For a fighter who came into this fight an unknown, there is one part of the world where this fight is very much the topic of conversation: Cojanu’s native country of Romania.

“The response (in Romania) is pretty well. I was impressed.” Cojanu added. “Almost every newspaper from Romania showed this fight.”

And unlike much of the boxing world, the Romanian press is not counting out their local contender.

“Like they said in the newspaper, next week I’m going to change the history of heavyweight boxing. Nobody every fought for the WBO title from Romania. Next week we make history. It’s the week we change history for Romania.”

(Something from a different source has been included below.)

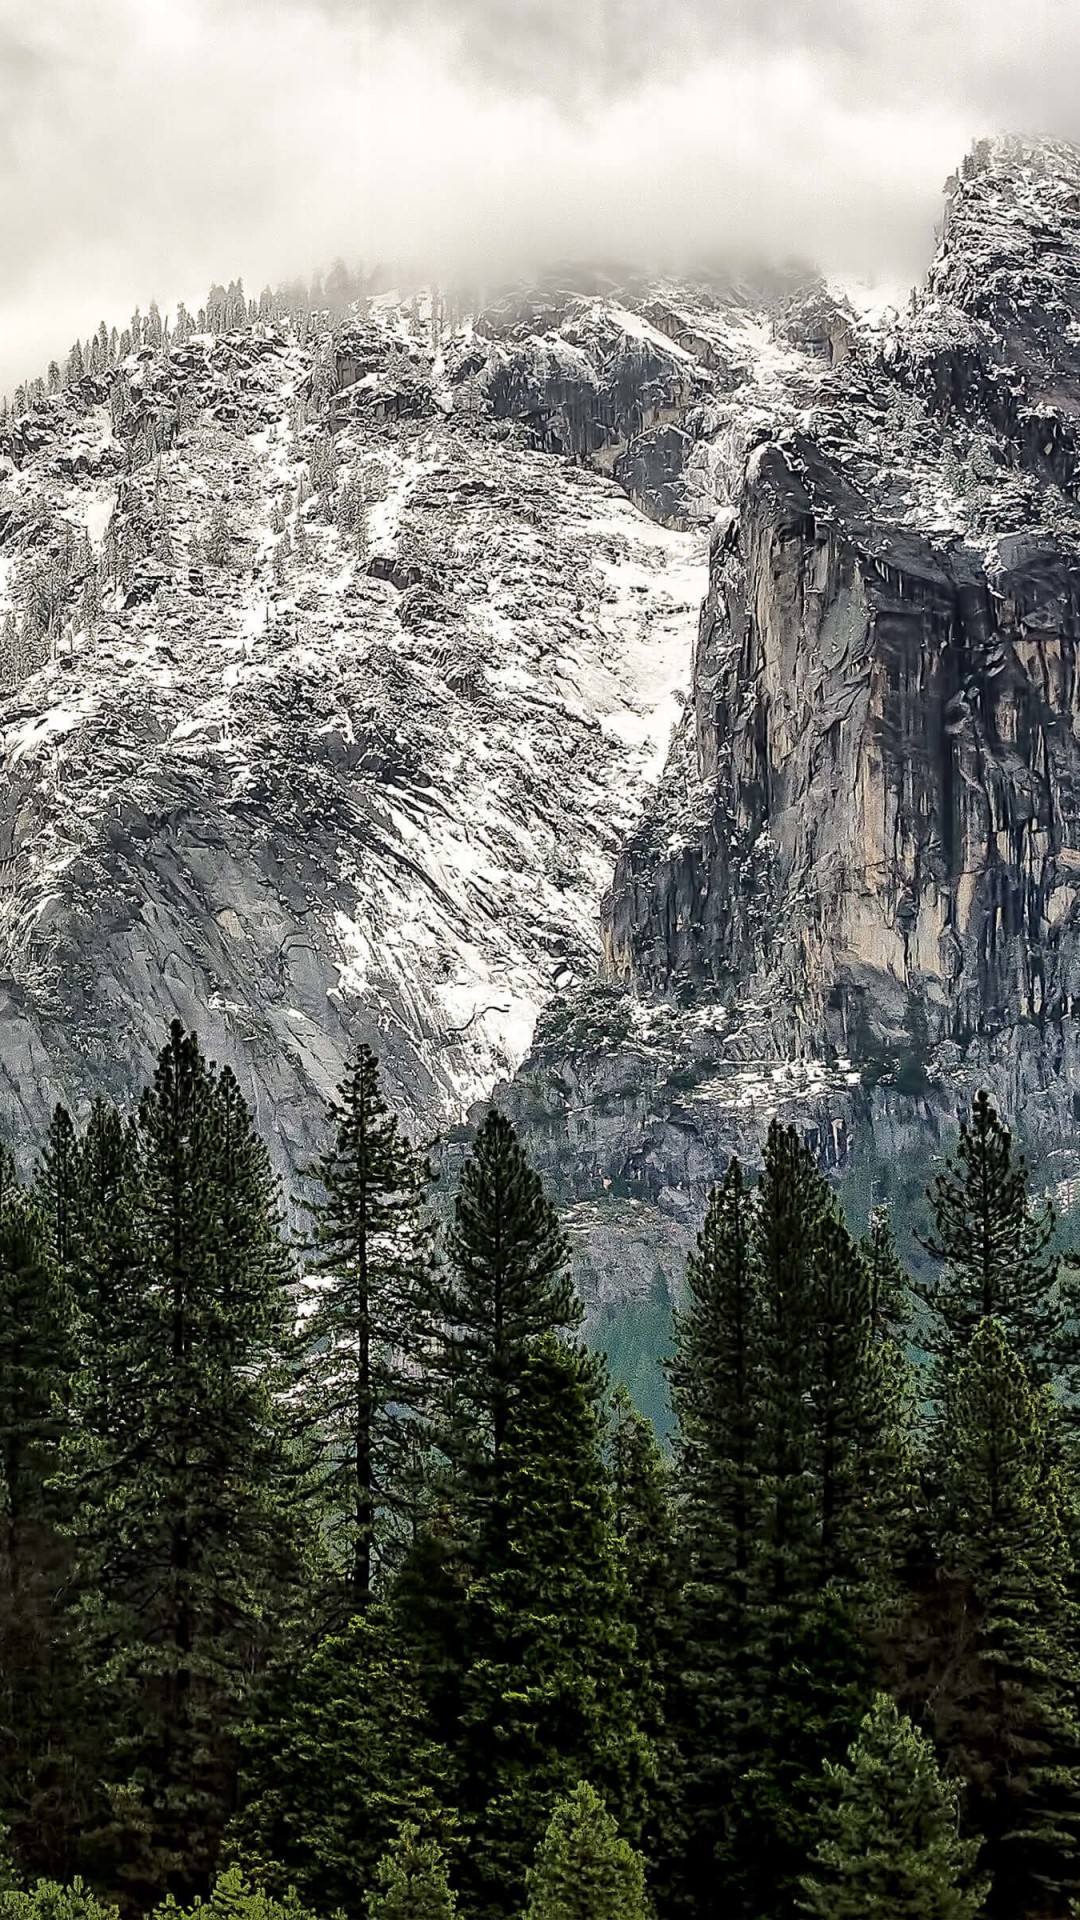 Winter Day at Yosemite National Park Wallpaper for SONY Xperia Z2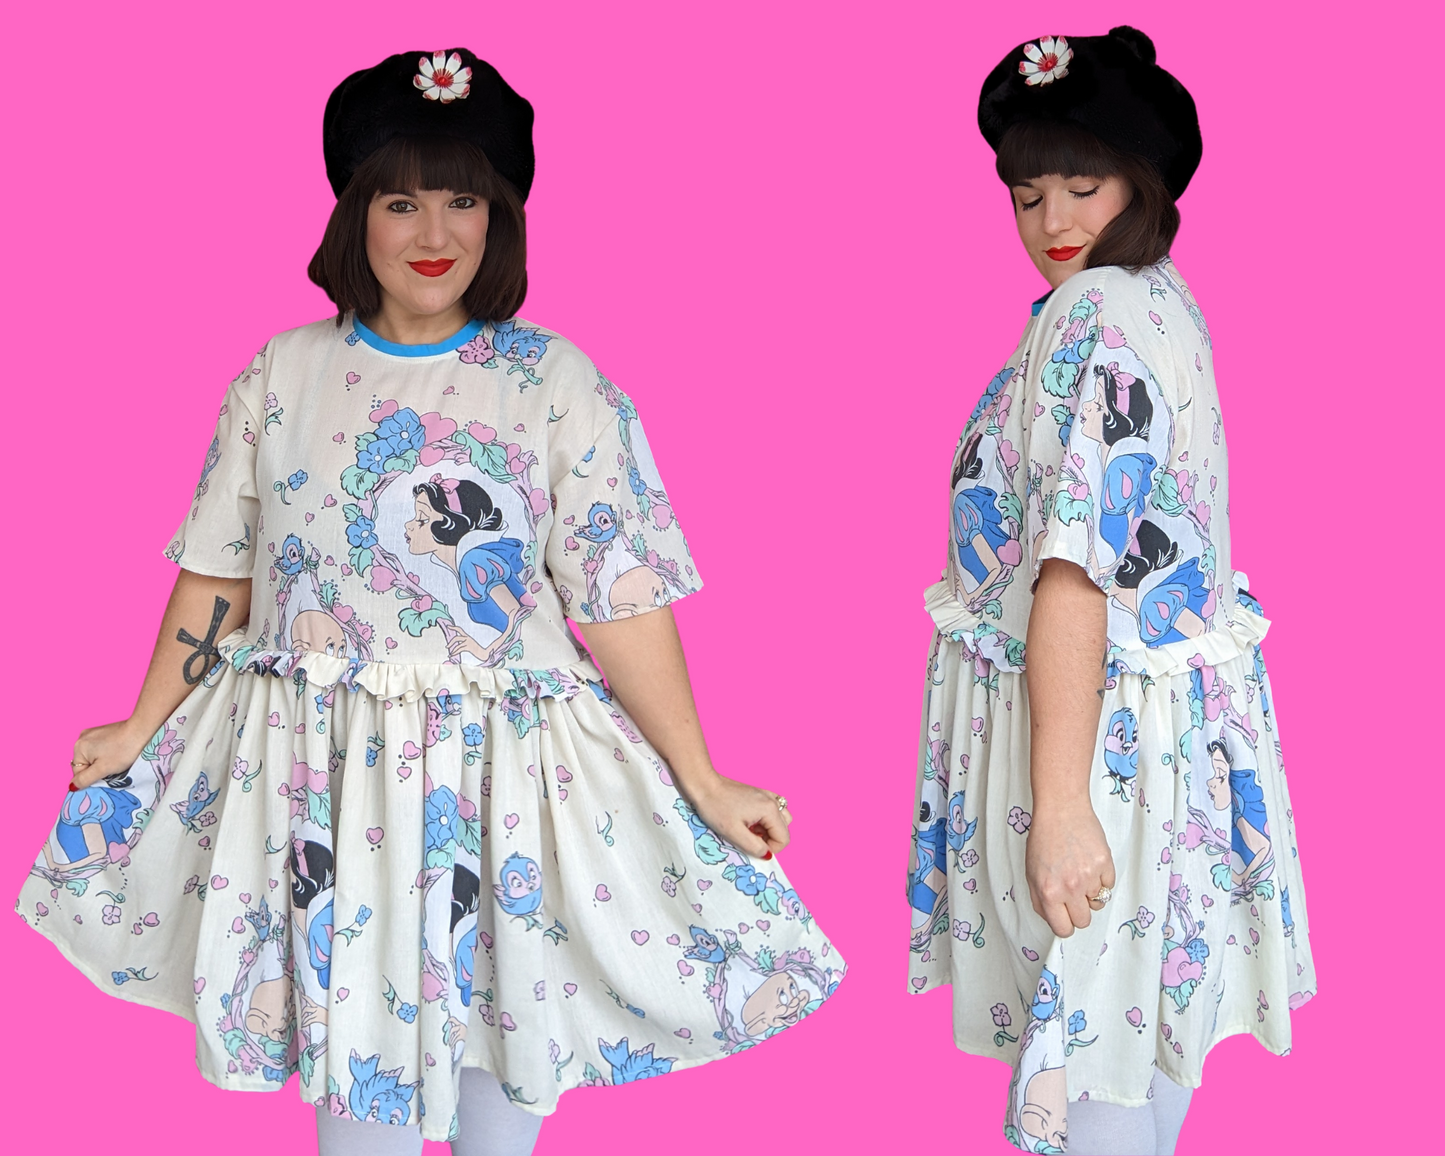 Handmade, Upcycled Disney Snow White and the Seven Dwarves Bedsheet T-Shirt Dress Fits S-M-L-XL

The idea of Cojanu becoming Romania’s first heavyweight champion is enough to excite fans from Bucharest to Timișoara, but even the most diehard Romanian fan would have been forgiven if they assumed the former amateur standout would never get the opportunity. After over 300 amateur fights Cojanu would see his professional career sputter out of the gate as he lost a six round majority decision in his professional debut to a journeyman named Alvaro Morales. Although Morales had a huge edge in experience, his fight against the rookie Cojanu was his 20th professional fight; it was still a major setback for the Romanian.

You know what was happening (in the) first fight, I had a bad team.” Cojanu said of his fight with Morales. “I just arrived in the United States and (my trainer) wasn’t training me so well. I got in the ring two weeks later with no training and just fight a guy with (twenty) fights (as a) professional. I call it a mistake. It was a mistake from my team. Now I changed my team, I don’t have my manager from that time. You know the show goes on. It’s the past.”

Even with the loss Cojanu remained confident that his day would come and he would get his chance at a world title.

“Yes,” Cojanu said when asked if he envisioned a world title fight after starting his career 0-1. “Why not? I consider myself a good fighter.”

Cojanu came back and slowly built his career up, although there have been some scary moments along the way. After winning his next thirteen fights Cojanu suffered a second loss to Donovan Dennis in April of 2015. An ugly split decision win over journeyman Grover Young followed and many would have been forgiven if they elected to close the book on Cojanu after that. But in late 2016 Cojanu seemed to finally put it all together in the ring after winning the vacant WBO China Zone Heavyweight title against Chinese prospect Zhi Yu Wu. Cojanu destroyed Wu in two rounds to win the title and subsequently broke into the world rankings. But Cojanu recognizes that Joseph Parker is no Zhi Yu Wu.

The last one…that one was piece of cake,” Cojanu said of his fight with Wu. “I knocked the guy out in the second round. I didn’t give him a chance.”

He showed a lot of improvement against Wu, and flashes of brilliance. But he will need to show a lot more against Parker, and it will have to be more than just flashes. But although Cojanu seems to have little chance against Parker, stranger things have happened in the squared circle. Maybe Razvan Cojanu will be little more than a footnote on our way to Joseph Parker-Anthony Joshua. But maybe not. After all, boxing is a funny sport.